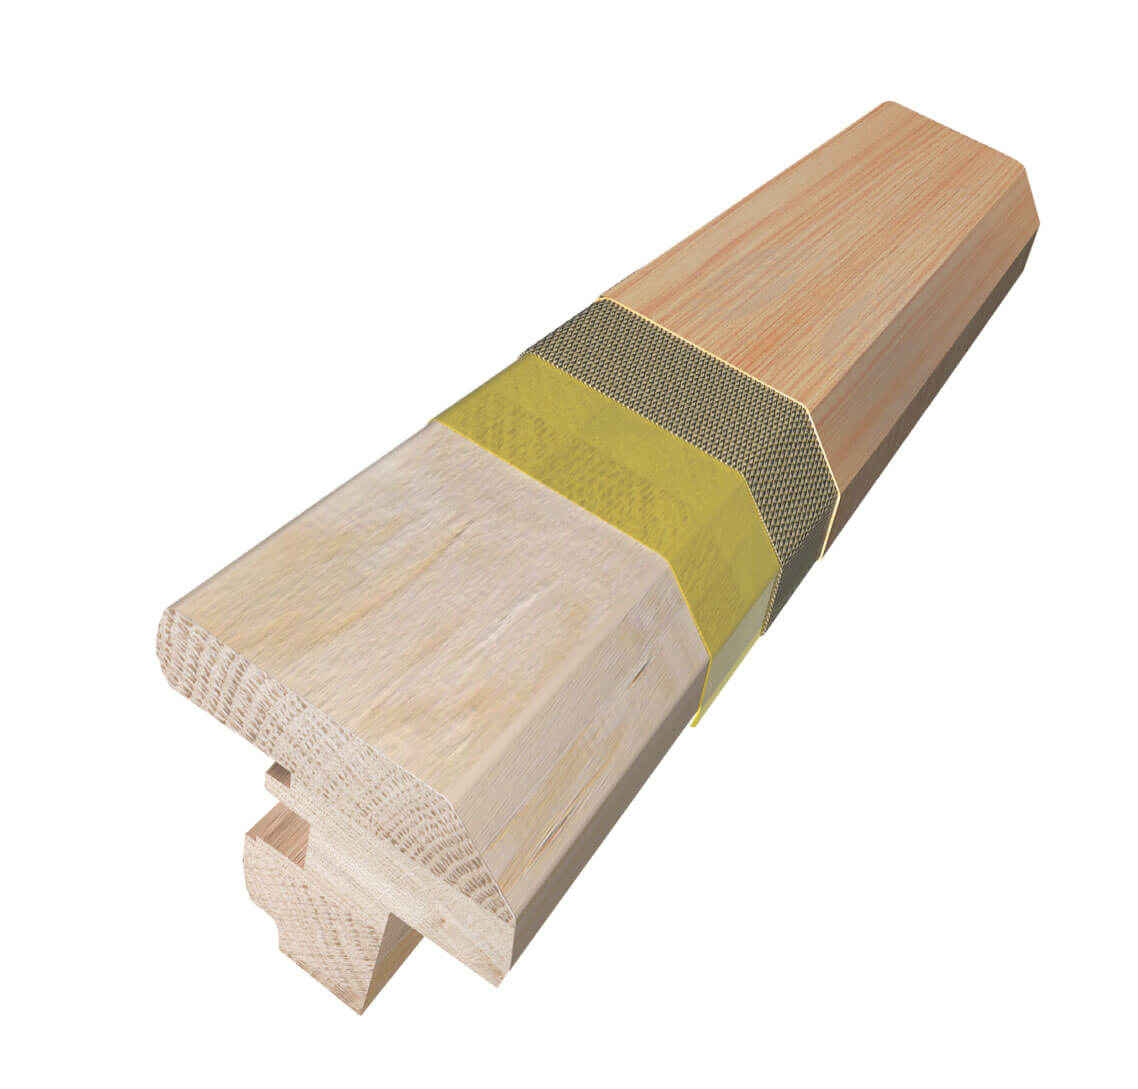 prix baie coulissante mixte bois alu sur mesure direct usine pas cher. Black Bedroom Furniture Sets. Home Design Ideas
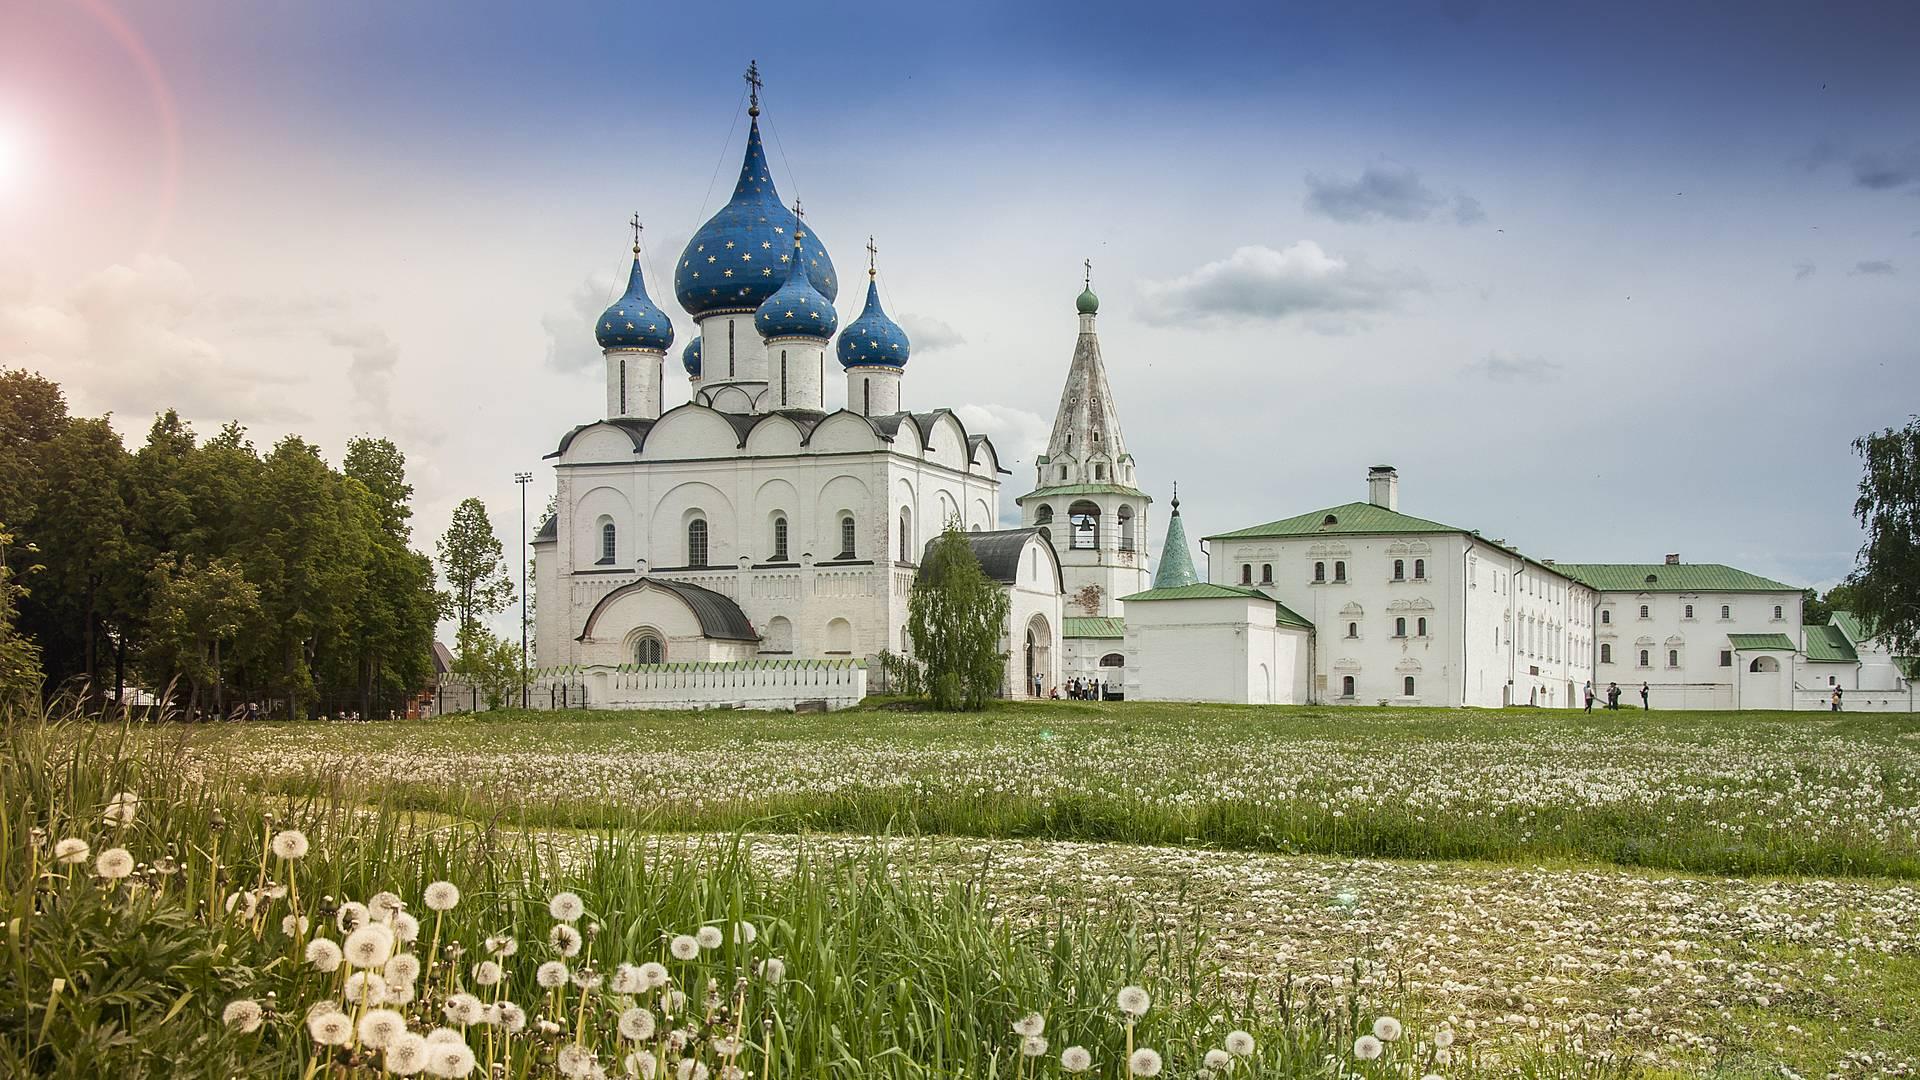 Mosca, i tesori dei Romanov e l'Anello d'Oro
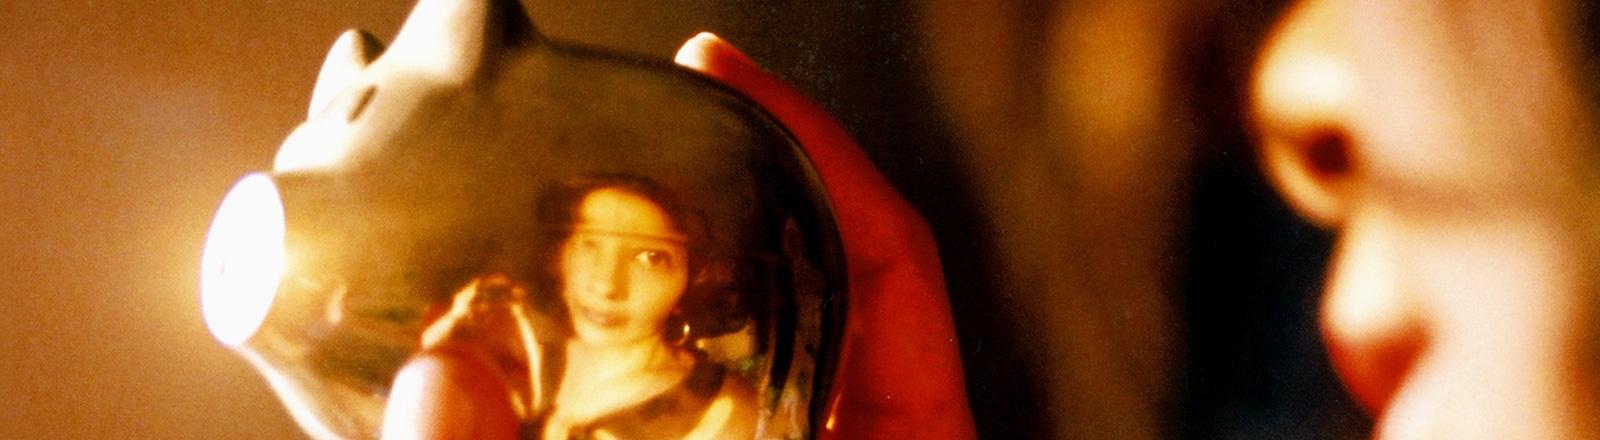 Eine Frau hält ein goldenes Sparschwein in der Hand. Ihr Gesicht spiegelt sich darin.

---

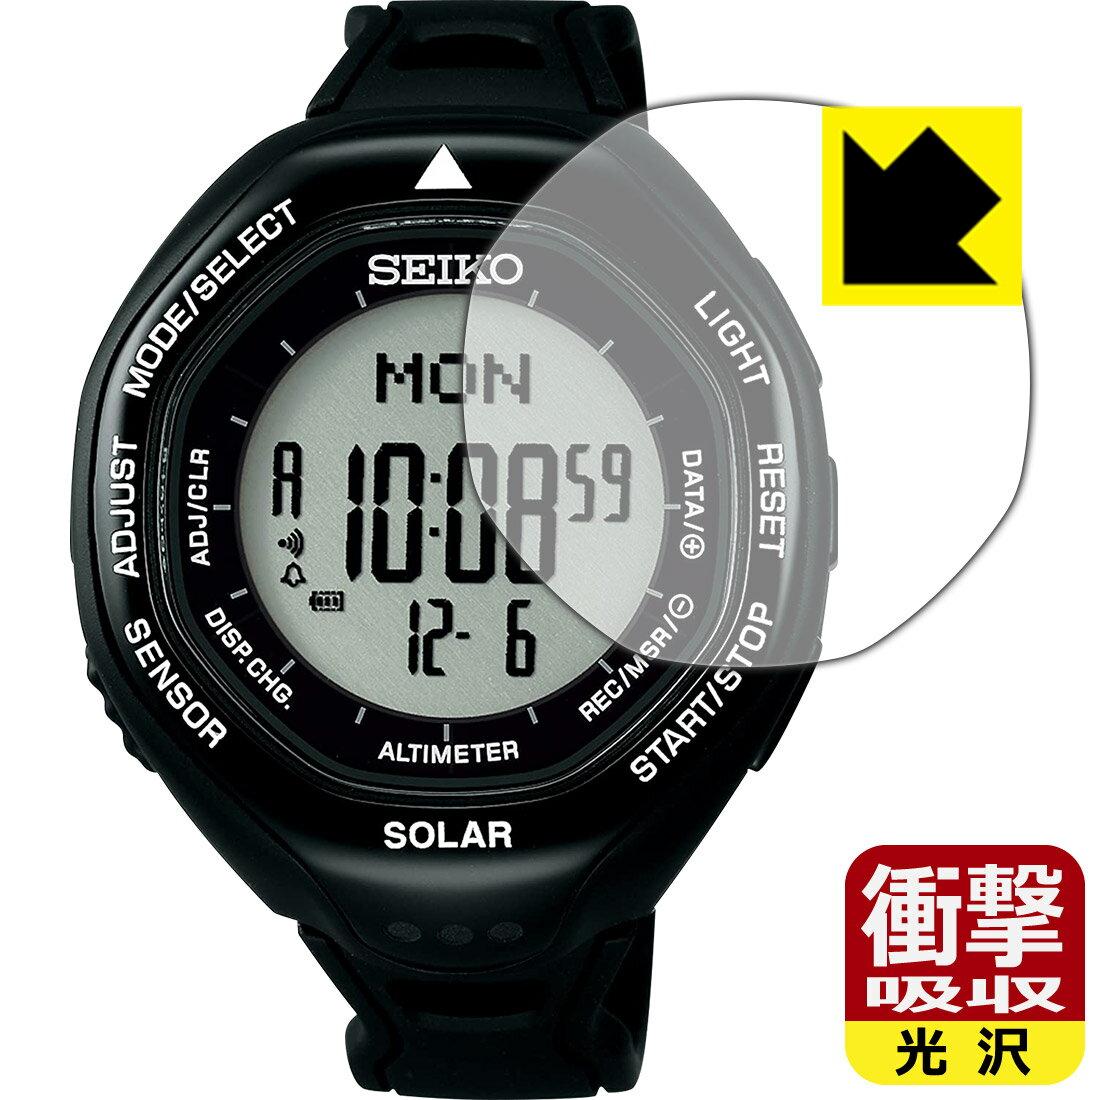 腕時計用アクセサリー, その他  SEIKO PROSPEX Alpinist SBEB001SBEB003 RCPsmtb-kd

---

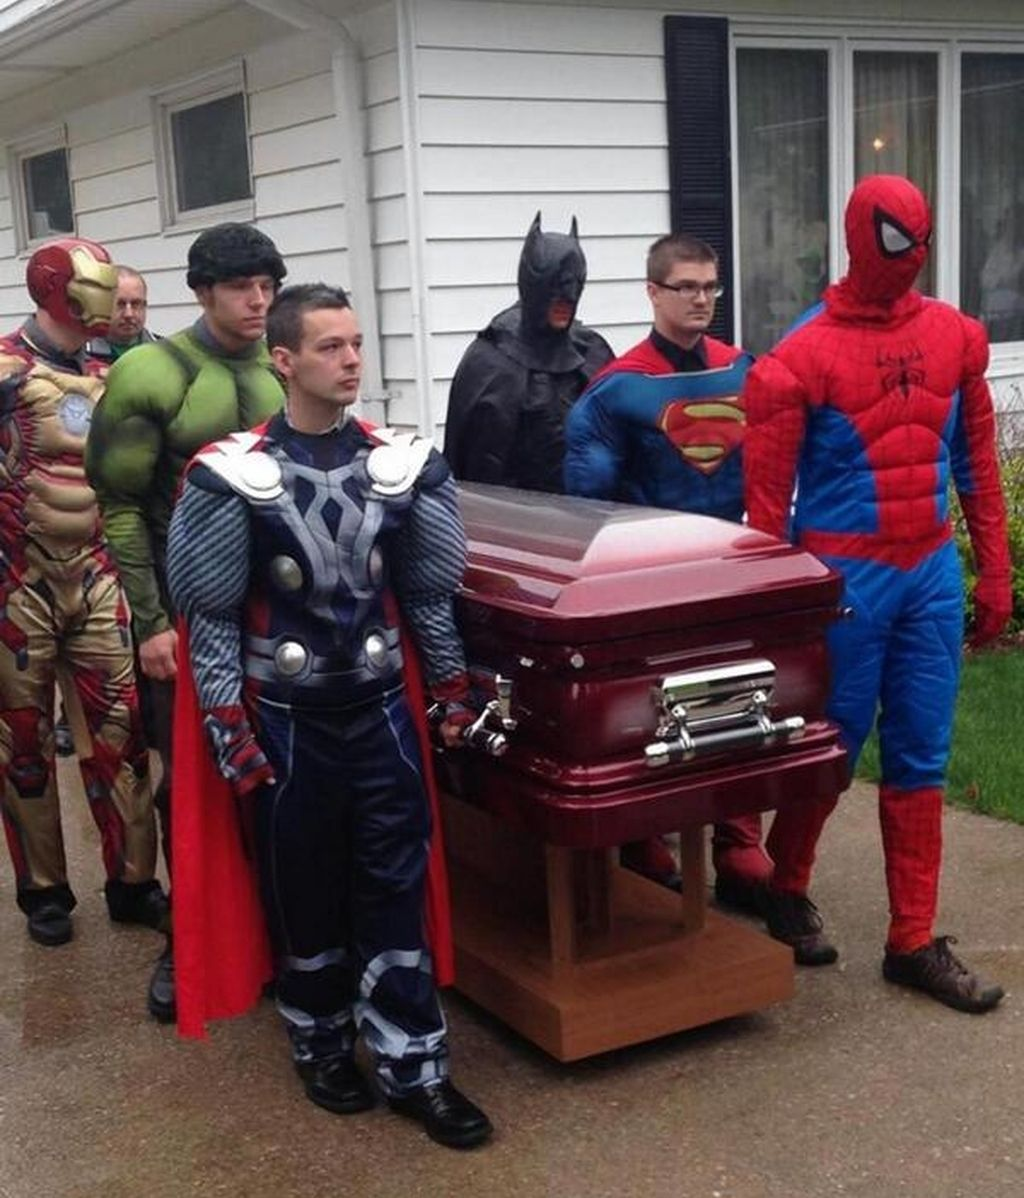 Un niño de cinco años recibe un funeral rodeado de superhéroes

▶ [Goal of the exercise]: If a picture sits between the line containing "prix baie coulissante" and the line containing "Eine Frau hält", leave it out, and return the lines of that range above exactly, both ends included.

▶ [Finished task]:
 prix baie coulissante mixte bois alu sur mesure direct usine pas cher. Black Bedroom Furniture Sets. Home Design Ideas
 Mosca, i tesori dei Romanov e l'Anello d'Oro
 Eine Frau hält ein goldenes Sparschwein in der Hand. Ihr Gesicht spiegelt sich darin.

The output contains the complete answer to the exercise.